What is being asked. In the records below, find the line with "Vegan Avocado Pasta", then copy each line exactly until you have copied the line with "Discount Furniture Store". Leave any picture out.

Dataset entries.
========

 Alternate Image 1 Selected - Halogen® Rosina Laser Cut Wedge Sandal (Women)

========

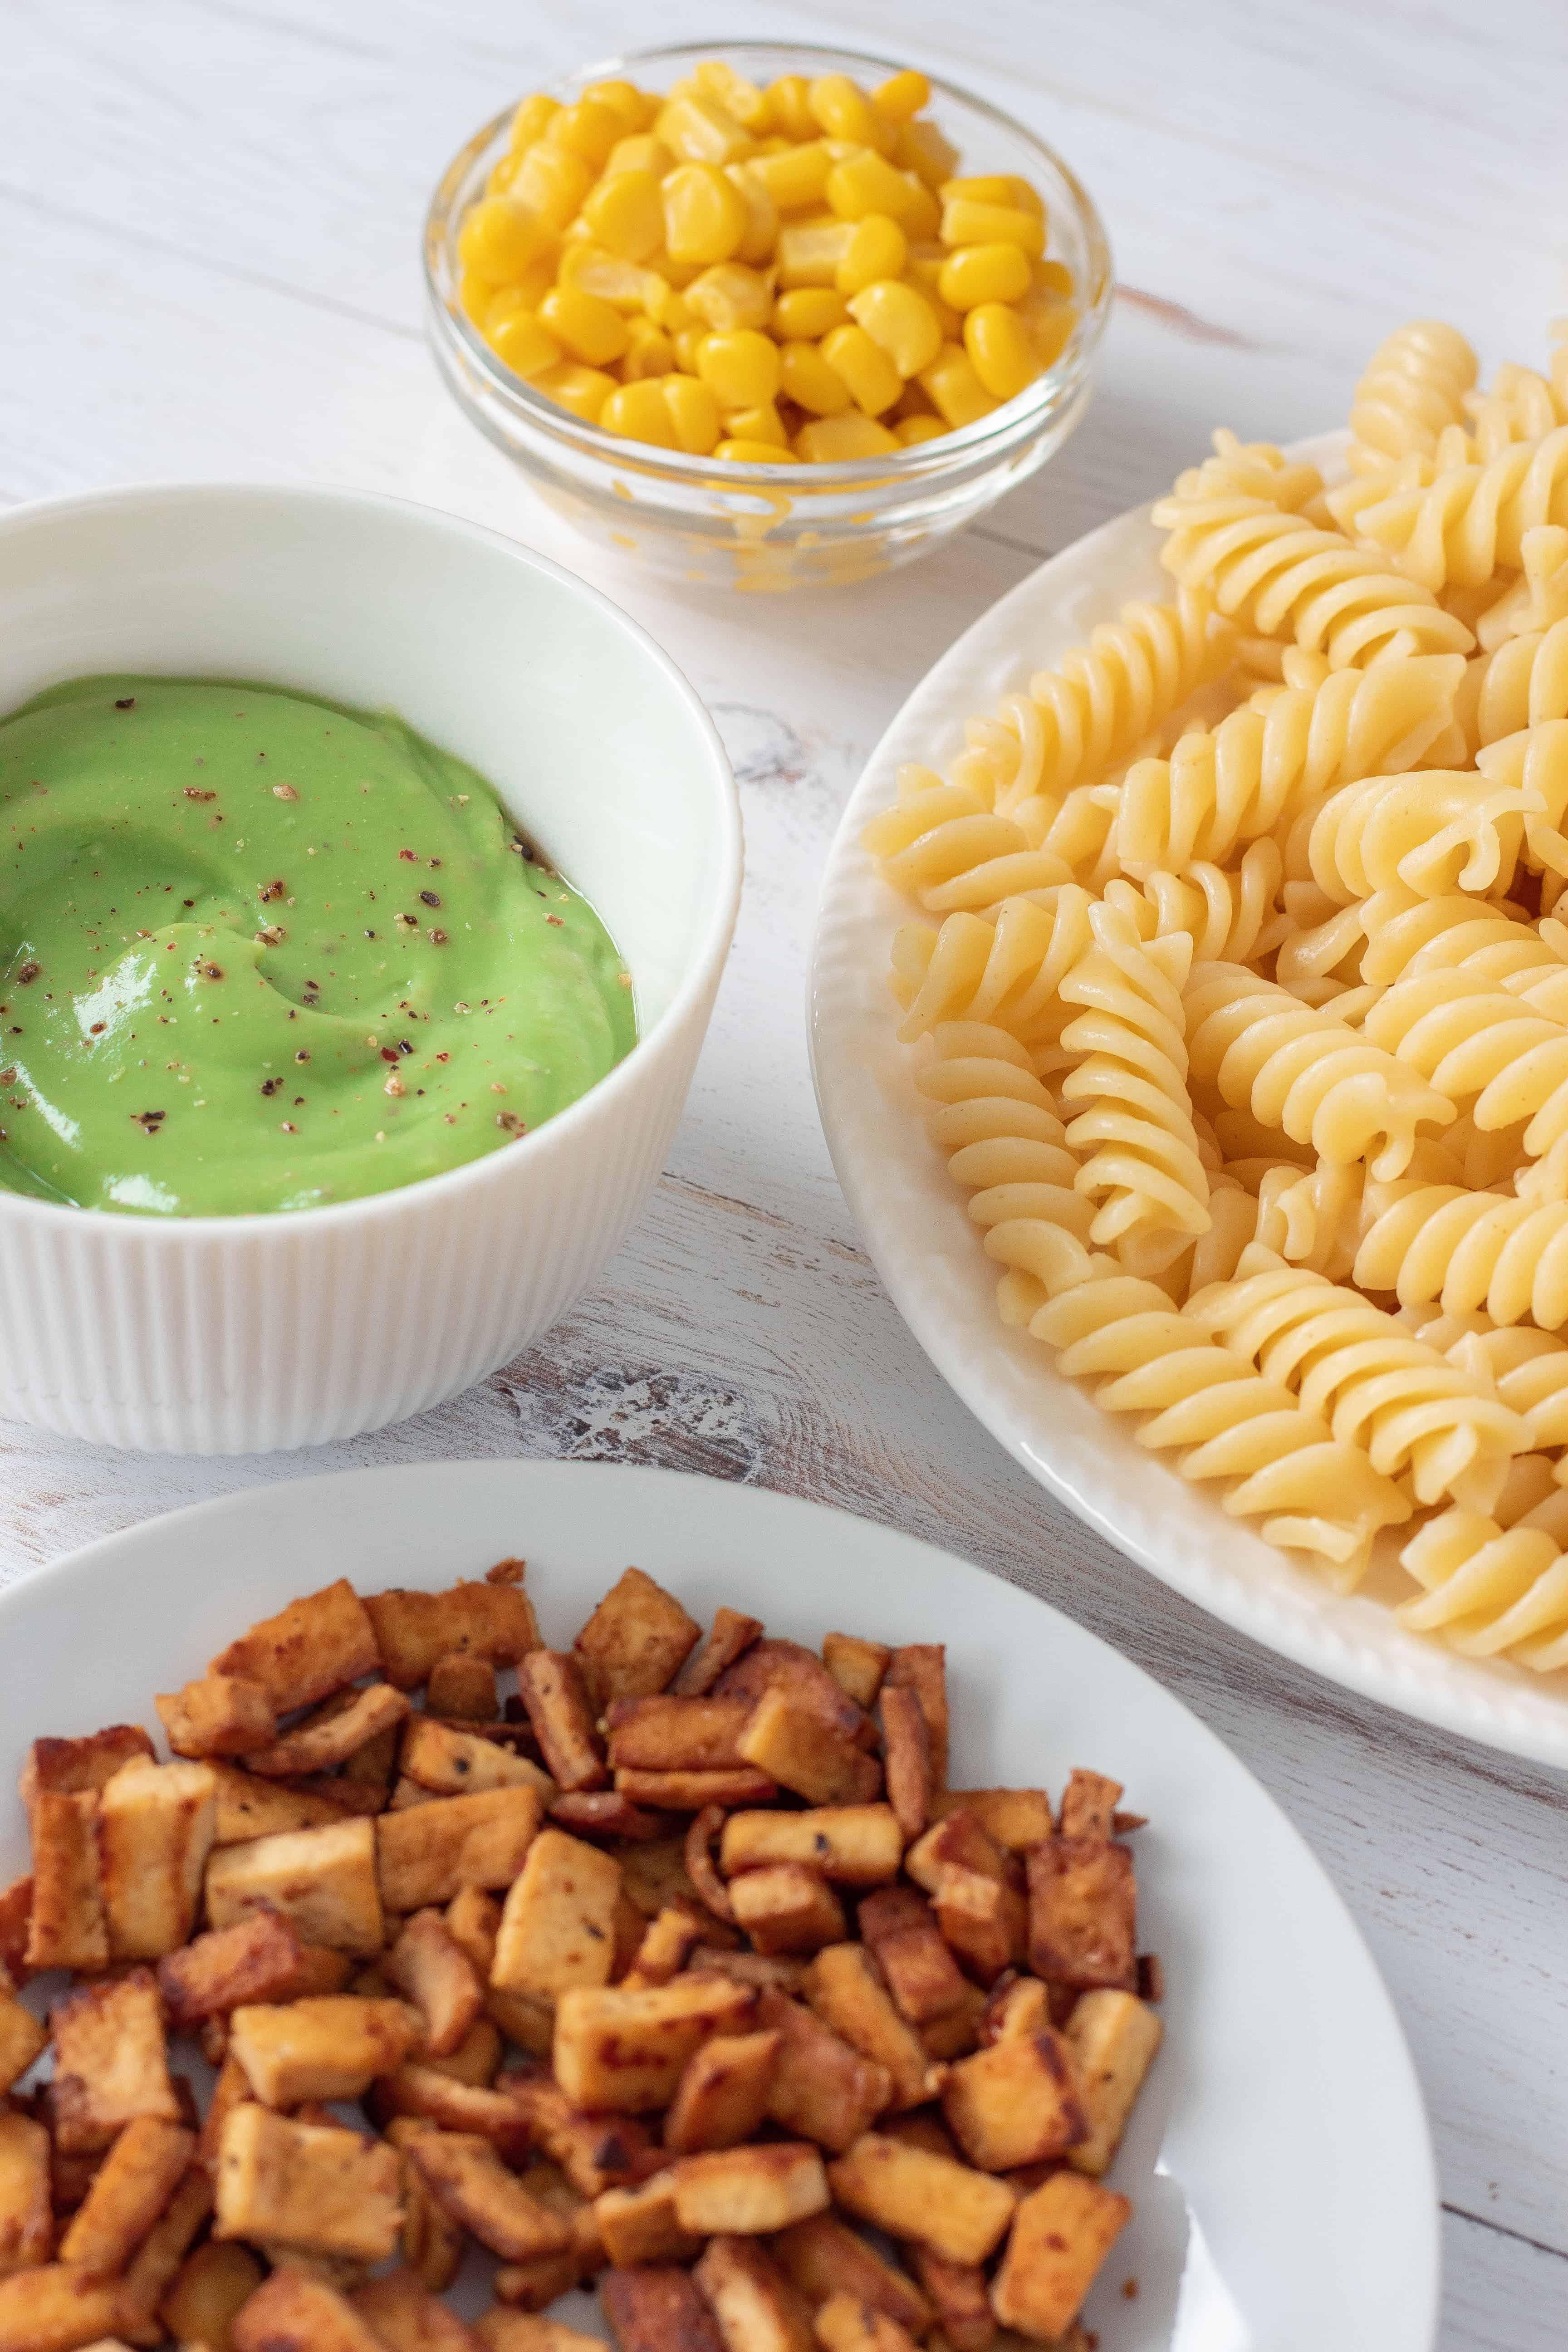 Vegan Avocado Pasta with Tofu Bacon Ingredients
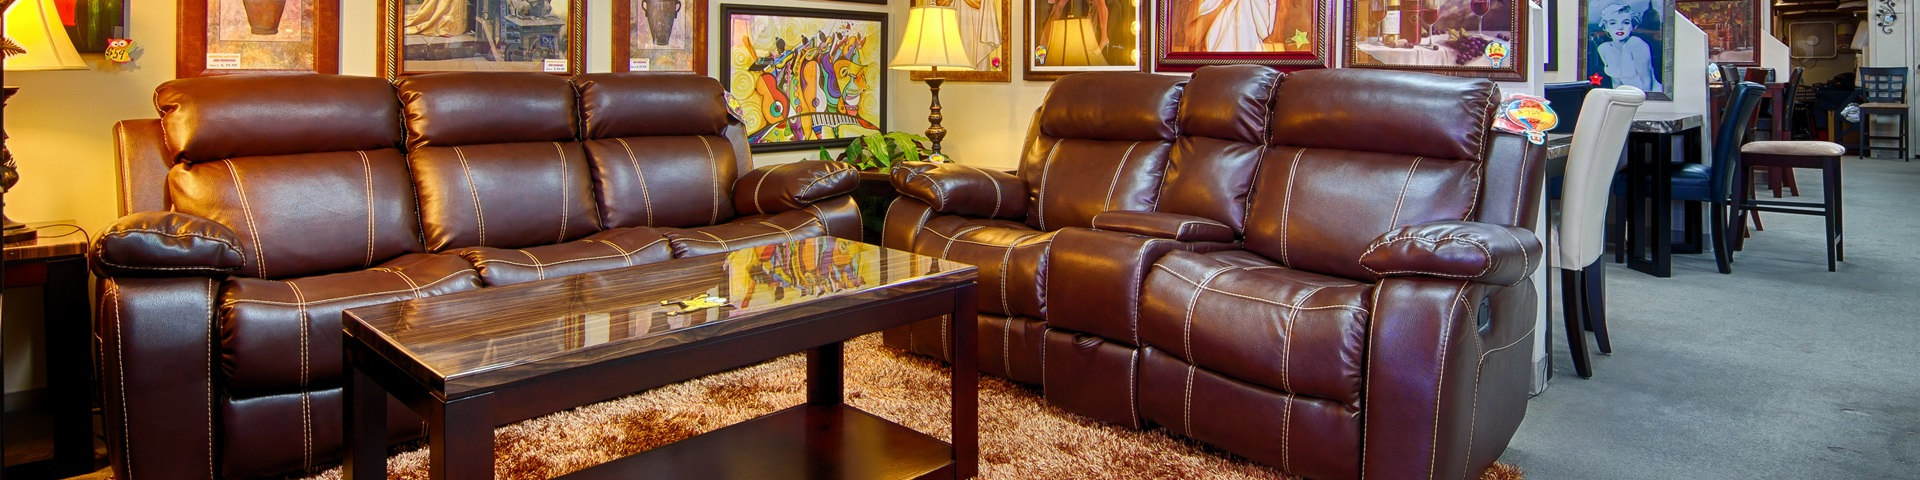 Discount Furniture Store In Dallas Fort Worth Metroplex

========

Answer to this exercise.
 Vegan Avocado Pasta with Tofu Bacon Ingredients
 Discount Furniture Store In Dallas Fort Worth Metroplex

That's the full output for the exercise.